To objectively and accurately evaluate the overall navigational risk of offshore wind farm waters, this paper selects several indicators from two aspects of natural conditions and navigational environment to build the navigational risk assessment model for ships in offshore wind farm waters, as shown in Figure 1.

2.1. Natural Conditions

The influence of natural conditions on ship navigation is mainly due to the influence of visibility, wind, flow, and other factors on navigational safety.

2.1.1. Visibility

Visibility is the maximum distance at which a person with normal vision can distinguish an object from the background. Too low visibility will greatly shorten the ship operator’s response time and visual range, greatly increasing the risk of the ship operators. In 2018, there was more severe weather such as strong winds and fog in China. Under the condition of poor visibility, a total of 19 collision accidents occurred, and a total of 30 people were killed or missing, increasing 46.2% and 50.0%, respectively, year on year [18]. It can be seen that good visibility is an essential factor to ensure the safety of normal navigation.

2.1.2. Wind Speed and Direction

The influence of wind on ships’ navigation can be divided into two aspects: the speed of the wind and the direction of the wind. Ships’ navigation is more or less affected by wind direction, especially in gale weather, which may cause ships to yaw, increase, or stall to a certain extent. In addition to the speed of the wind, the direction is also an essential factor that cannot be ignored. In particular, the lateral wind pressure will cause obvious lateral deviation of the ship and even the risk of rollover, which will seriously affect the normal driving of the driver. In 2018, 16 self-sinking accidents occurred under the influence of magnitude of seven storms and waves, with a total of 53 deaths and missing people, increasing by 23.3% and 48.3%, respectively, year on year [18]. These data are enough to show that severe weather conditions such as strong winds and fog bring great threats to life safety and bring serious challenges to the maritime authorities’ on-site supervision and emergency response.

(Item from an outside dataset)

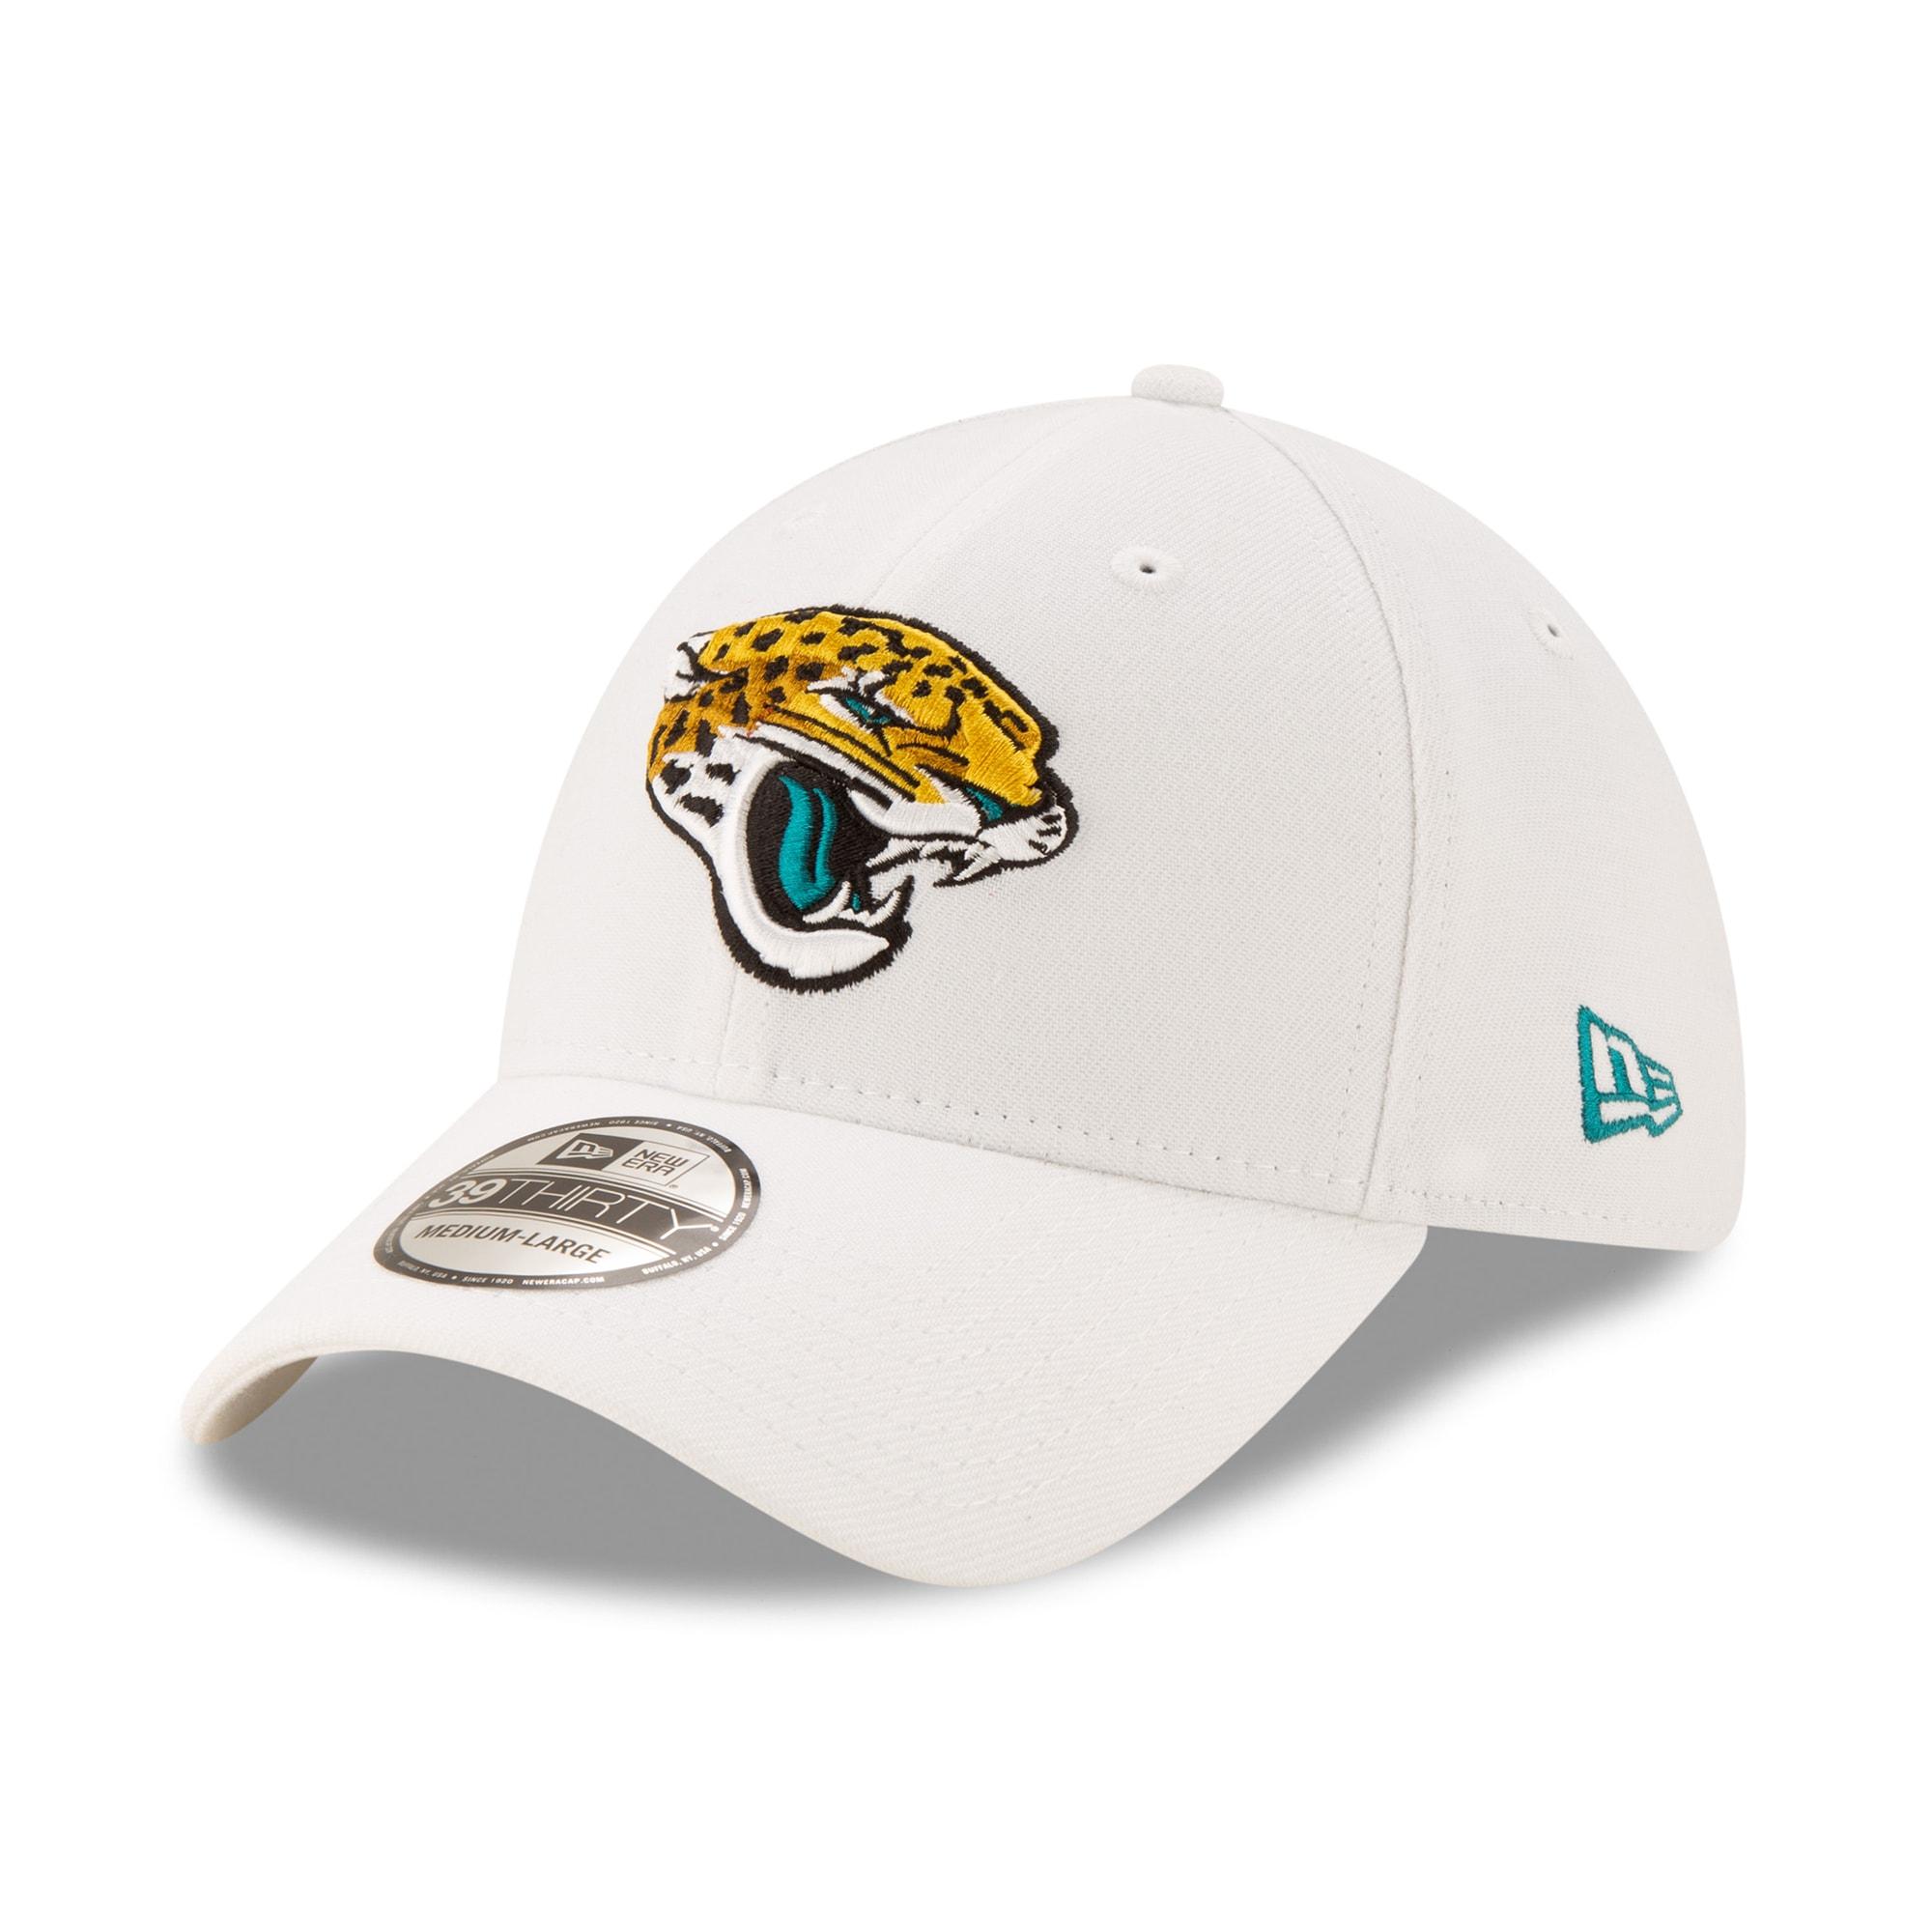 Jacksonville Jaguars New Era Iced 39THIRTY Flex Hat - White

2.1.3. Flow Velocity and Direction

Water flow is the most basic factor to ensure the normal sailing of ships. Many collision and grounding accidents are inseparable from the velocity and direction of water flow. When the traffic flow direction is in the same straight line as the ship’s course, the current will only change the ship’s speed and affect the difficulty of ship operation. When there is an angle between the direction of the flow and the course of the ship, the course of the ship will be affected, resulting in lateral drift, which brings unpredictable risk to the ship’s navigation. Especially when sailing in narrow waterways or special waters, the flow velocity and direction of water are the factors that should be paid attention to ensure the safety of ship driving (the velocity in this paper refers to the ratio of the flow velocity and the ship speed).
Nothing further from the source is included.